Pero volveré. Volveremos. Que se preparen las ostras.
El camino hacia el norte sigue
siendo plano. Muy plano. Los únicos puertos que encuentro, son de mar. El arcén
está lleno de marismas en las que los buscaostras buscan ostras. Es así a lo
largo de cientos de kilómetros.
Estoy llegando a la isla de
Noirmoutier, de la que lo único que conozco es su acceso. Buscando el “paso de
Gois” encuentro un puente chulísimo. Lo cruzo. No sé qué tienen los puentes chulos
que es una chulada circular por ellos.
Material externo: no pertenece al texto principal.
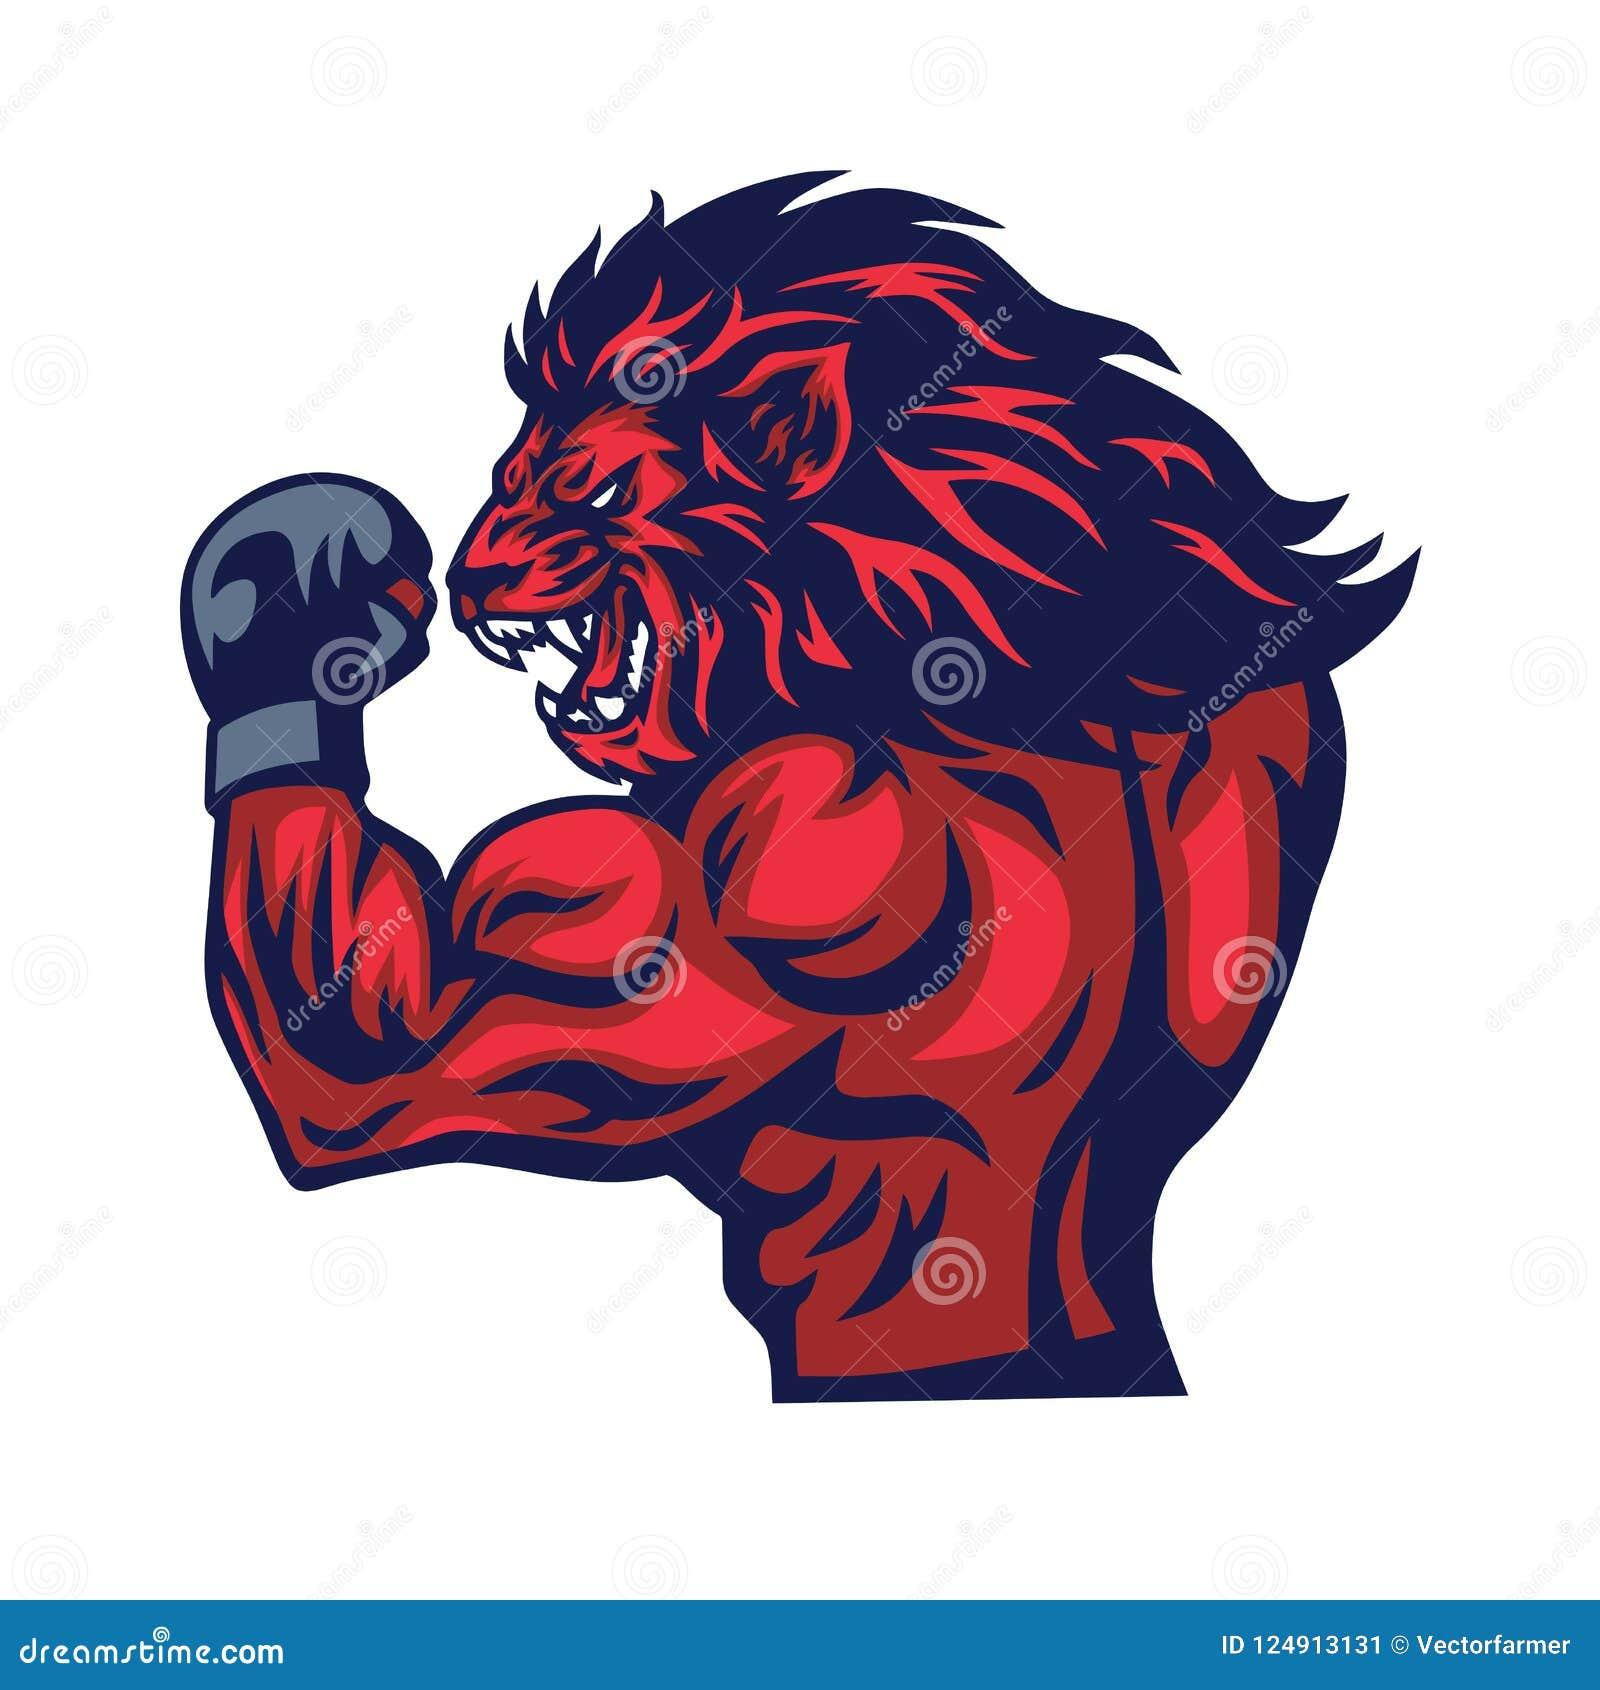 Lion Fighter Mascot Vector

La isla es bonita, aunque en verano debe
ser un poco inaguantable. Pero no es verano. Decido dormir aquí, no sin antes
ponerme morado a mejillones al roquefort.
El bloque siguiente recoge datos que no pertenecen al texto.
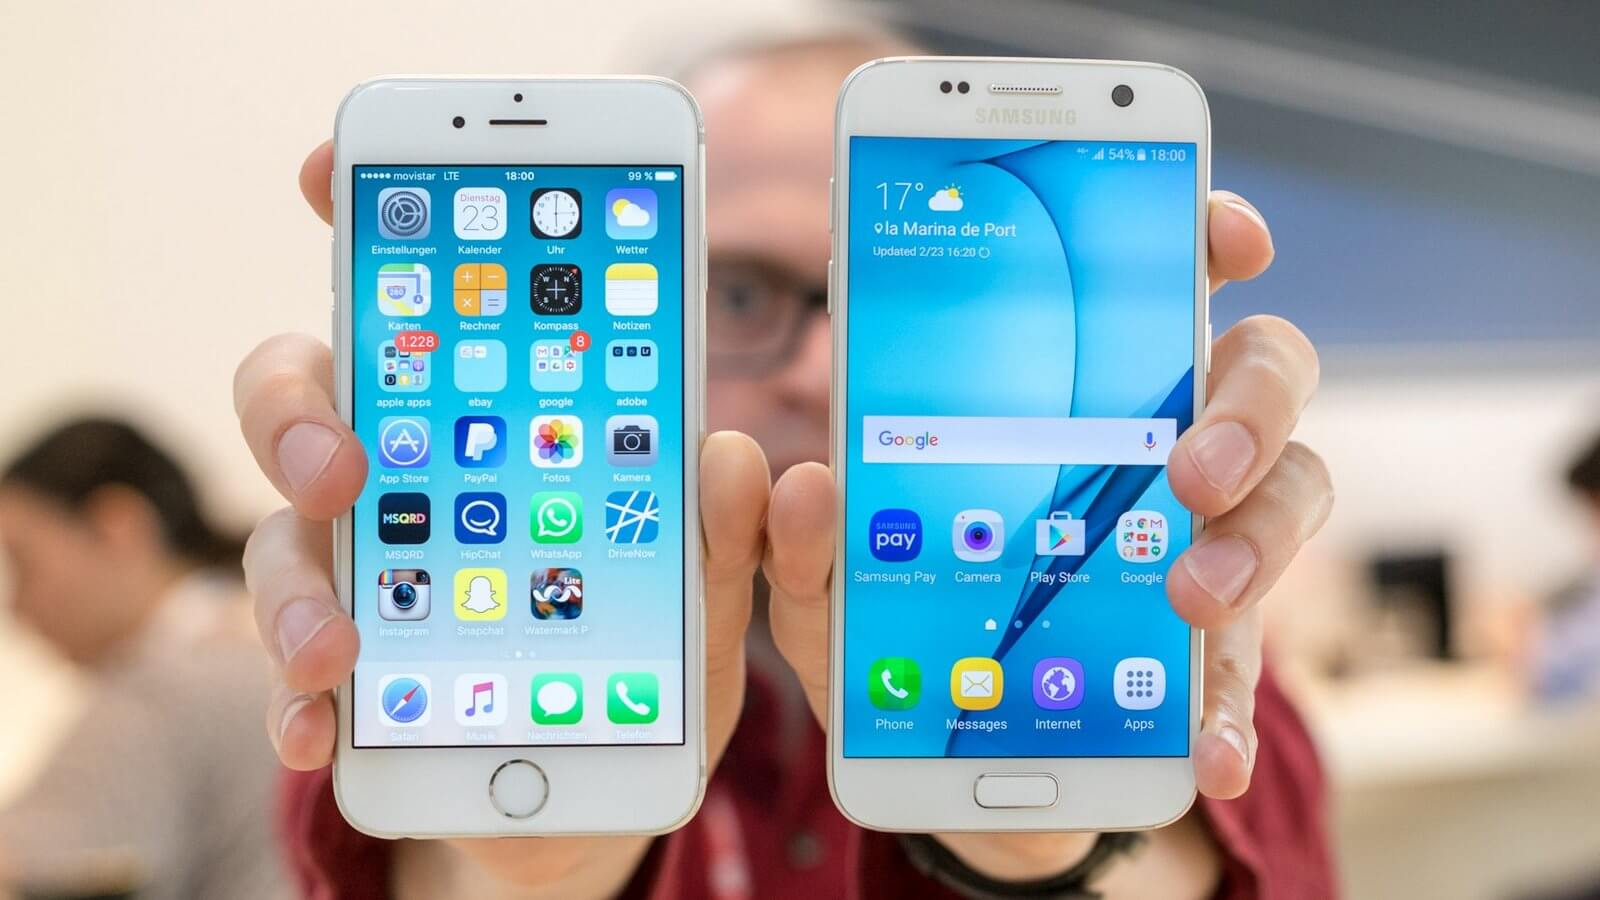 iPhone 6 vs. Galaxy S7

Me gusta mucho estar aquí. En
otoño.
23/X/2011
Noirmoutier-Dinan 565 kms
La mala y la buena suerte
En 1999 Alex Zulle cambia de equipo para intentar suplir la retirada de Miguel Indurain un par de años antes. La segunda etapa del tour de Francia transcurre por el Paso de Gois,
muy peligroso porque, cuando sube la marea queda anegado. En aquella
recta interminable, Zulle se resbala y cae perdiendo un tiempo precioso.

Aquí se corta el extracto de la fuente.